Ich habe verschiedentlich schon das etwas despektierliche Urteil über ihre Podcasts gehört (interessanterweise stets von Leuten, die studiert haben; dieses Buch hier wendet sich ausdrücklich primär an alle jene, die es nicht an Universitäten geschafft haben … aber auch ich als Uni-Absolvent fand es gelungen), sie sei „ein bisschen oberlehrerhaft“ oder „besserwisserisch“. Das fand ich in diesem Buch aber nicht wieder. Hier diskutiert sie auf entspannte Weise auf Augenhöhe mit dem Publikum und entwickelt sukzessive mit langsam ansteigendem Schwierigkeitsgrad die chemische Welt rings um uns, verliert dabei aber, meiner Ansicht nach, nie die Bodenhaftung oder den Kontakt zum Publikum. Das kann man von traditionellen wissenschaftlichen Publikationen oftmals nicht behaupten (auch dazu schreibt sie übrigens einiges an kritischen Bemerkungen).

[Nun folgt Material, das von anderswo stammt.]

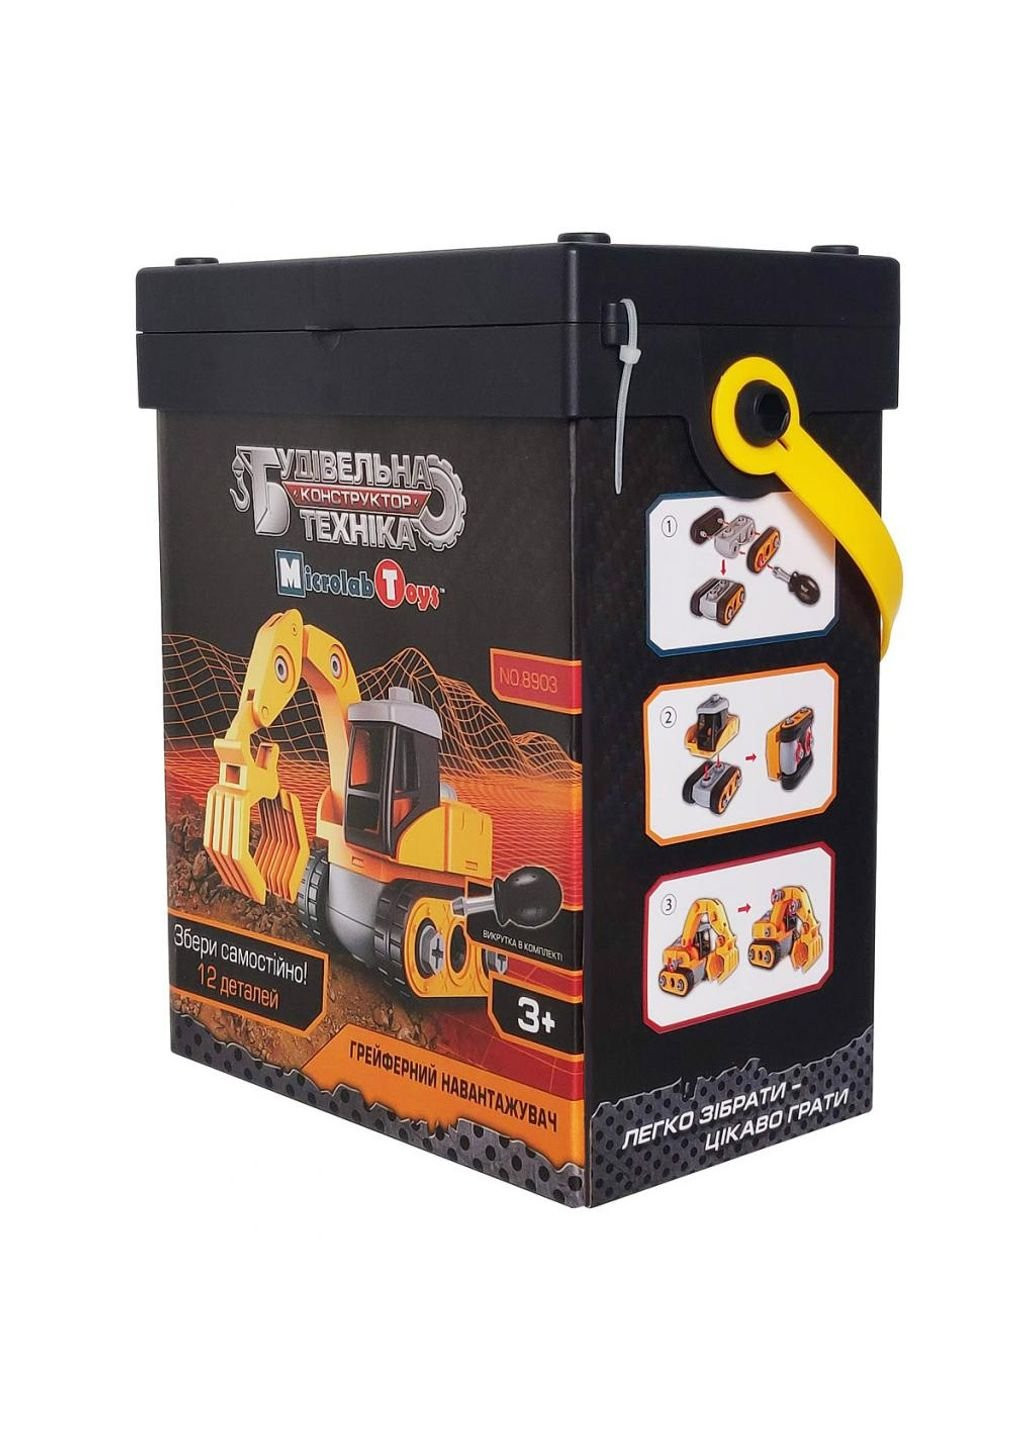 Конструктор (MT8903) Microlab Toys строительная техника - ковш погрузчик (249597022)

Mich hat die Lektüre also im Gegenteil durchweg neugierig auf ihre Online-Formate gemacht, und da werde ich sicherlich nächstens mal hineinschauen. Wer ihre Videos sowieso schon mag, dem brauche ich dieses Buch vermutlich nicht zu empfehlen. Wer hingegen bislang nur unklare Vorurteile gegenüber ihr oder dem Fach Chemie gehegt hat, sollte hier mal einen Blick hineinwerfen.

Ich finde, es lohnt sich.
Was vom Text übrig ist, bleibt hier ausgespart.